Strategies to Combat Medical Provider Fraud in Workers' Compensation
By PETER ROUSMANIERE, an expert on the workers' compensation industry
Jill Breard, operations manager for risk management services at the Louisiana Workers' Compensation Corporation, estimates that seriously problematic medical providers make up well less than 1 percent of all providers. Her calculation is credible because LWCC has spent well over a decade scouring the state's medical community for questionable (as well as the best) medical practitioners.
Those very few defrauding medical providers can rack up hundreds of thousands of dollars a year by bilking every insurer they service. They can run every patient through identical procedures without any justification and bill for services not rendered. To an idea of the size of these operations, State Farm won a jury award of $15.4 million in March of this year on a RICO suit against a few clinicians.

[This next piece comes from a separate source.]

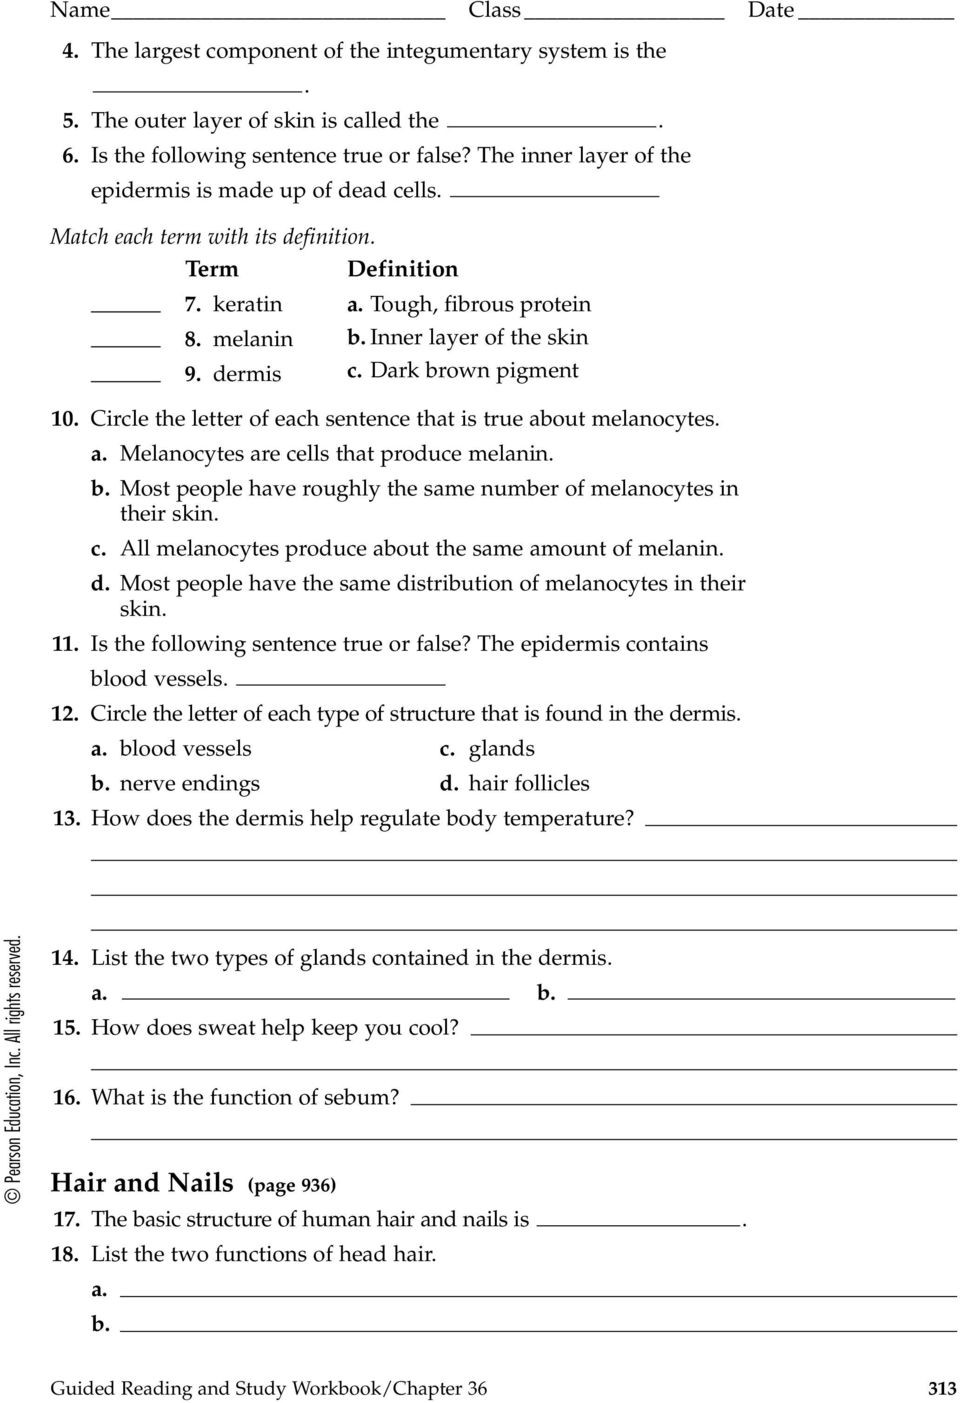 Integumentary System Worksheet Answers Skeletal Muscular and Integumentary Systems Pdf Free

After a doctor comes under suspicion, Breard has the bill-review system flag the provider's tax identification number. She also uses a medical payments audit firm to electronically audit past medical payments for holes in the bill-review systems.
Software is the only effective way to document collusive interrelationships among providers. Jean MacQuarrie, vice president, healthcare, at Thomson Reuters, said that her company's detection software picks up networks of providers who "ping-pong" patients among themselves.
Computer "analytics is still in its early stages but developing quickly", said Tom McCarthy of Mitchell Medical. "We are also using large repositories of data to look for trends that might indicate a new scam. We found a diagnostic radiology scam from analyzing our data well before anyone in the industry recognized it."
PAIN MANAGEMENT: THE FRAUD FRONTIER
More money is misspent due to abuse and deception in pain care than is generally recognized.
Upward of 30 percent of pain patients are deceptively abusing their drugs, according to a New Hampshire-based pain clinic that did not wish to be identified. A claimant on a narcotic drug might divert her or his pills to others.
A doctor may drug test patients and have them sign an "opioid agreement," detailing the consequences if they are caught abusing their patient status. But few insurers are aware of which doctors do this. Most accept medical reports without even asking for proof that the patient is taking prescribed drugs.
The really big dollars in pain management fraud arise from companies that sell or distribute drugs.
The most flagrant criminal case involved a misinformation campaign by Purdue Pharma about the safety of its blockbuster drug, Oxycontin. The company pled guilty in federal court to fraud in 2007 and more recently settled a class-action suit to which workers compensation insurers and self-insured employers were beneficiaries. Access to the small pot of settlement money is now closed.
The drug distributor McKesson, through whom many workers' compensation insurers purchase drugs, secretly manipulated drug prices so that insurers paid more than their contracts indicated. McKesson settled for $350 million in late 2008.
Corporate counsel, not the special investigations unit, should be tracking and joining in suits against these firms.
Exposure to claims fraud has broadened. Insurers need not only gumshoe investigators, but computers and increasingly large helpings of medical intelligence to attack fraud today.